Note: Much of the functionality in this post has been inspired by stuff seen in the GCP - GenAI language repo, can check it out here

When it comes to Langchain one of it’s coolest perks is ease of compatability with various different sources. It’s nature makes it easy to switch various components out and customise those components to your specific needs.

In this short post I’ll provide a brief walkthrough of using Langchain to create your own LLM based SQL agent to answer your data questions relating to a table, something I kind of touched on in my other post.

Overview of the workflow. The LLM application brings all technologies together.
Overview of the workflow. The LLM application brings all technologies together.

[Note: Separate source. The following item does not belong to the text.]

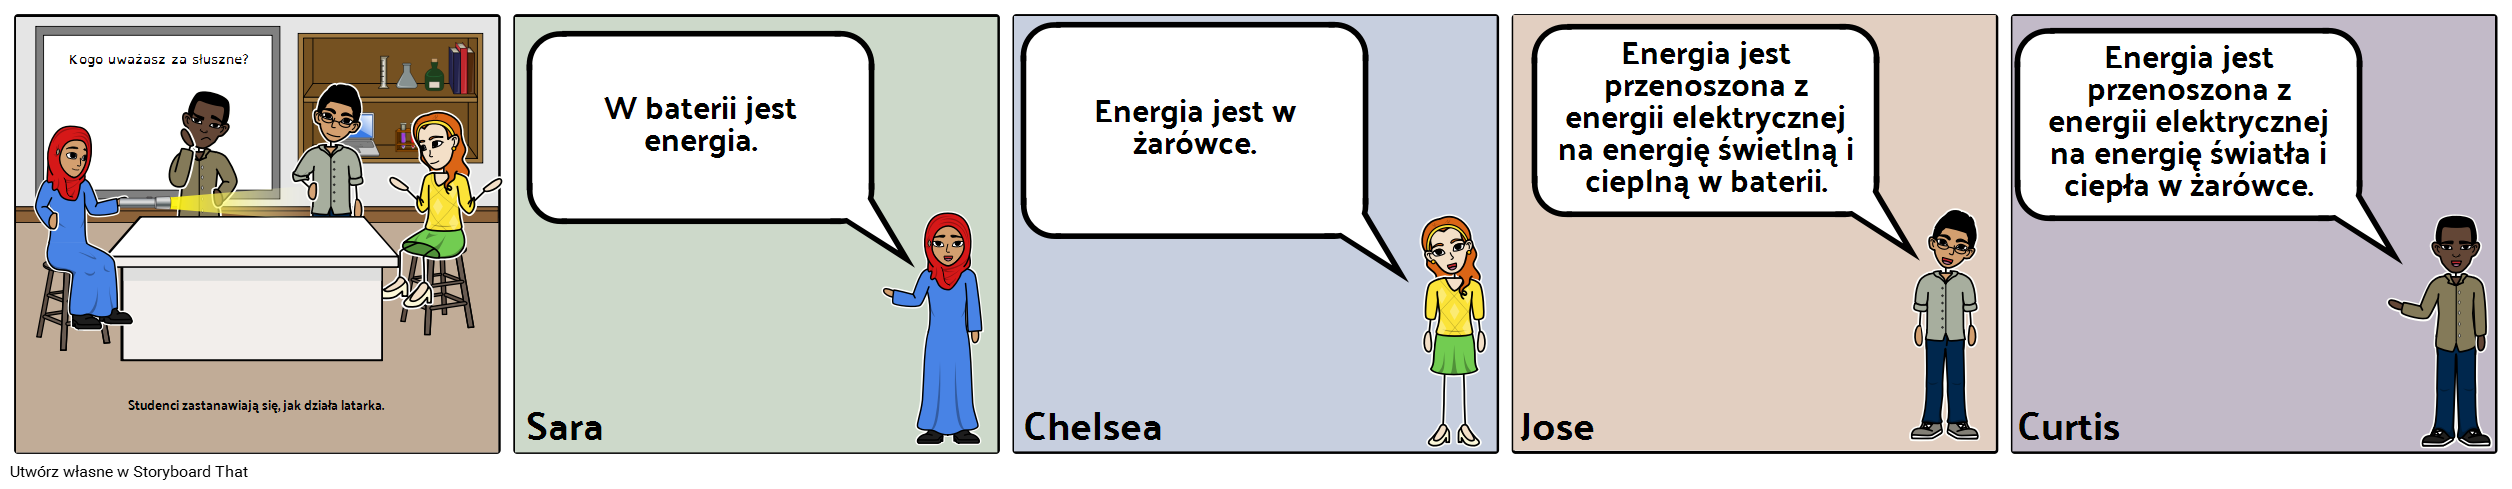 Dyskusja Storyboard - ES - Energia

While some may enjoy writting SQL for alot it’s just a “means to an end” and a necessary tool for accessing the data we want. With this capability you can pose your desired data in the form of natural language input and get natural language back summarising your result.

Ok lets get started….

Importing libraries and setting up variables

When working with GCP you need to setup your “project” which typically represents the highest identifier level for your project, this is useful as any resources you create as part of your project will be tied under this id, meaning things like resource management and billing become easier. For more info checkout their docs

Also when using resources in the cloud your ultimately just renting hardward that Google owns and is distributed across their various datacenters. As a result you can specify the region you want to run your services from to ensure you’re using the optimally located resources for you sceanrio. For more insights checkout their docs

As such it’s worth defining some key variables project wide

from dataclasses import dataclass
@dataclass
class ProjectSetup():
    # GCP wide settings
    PROJECT_ID : str = <take_your_id_from_google_cloud_console>
    LOCATION : str = <take_your_region_from_google_cloud_console>

    # Bigquery settings
    DATASET_ID : str = <your_dataset_name>
    TABLE_NAME : str = <your_dataset_table_name>
    SOURCE_TABLE : str = <full_bq_table_schema_name>

    # Model settings
    REQUESTS_PER_MINUTE : int = 100
cfg = ProjectSetup()

Now when setting up your virtual environment amongst other things you need to make sure you install Langchain (pip install langchain) and Googles AI SDK (pip install google-cloud-aiplatform).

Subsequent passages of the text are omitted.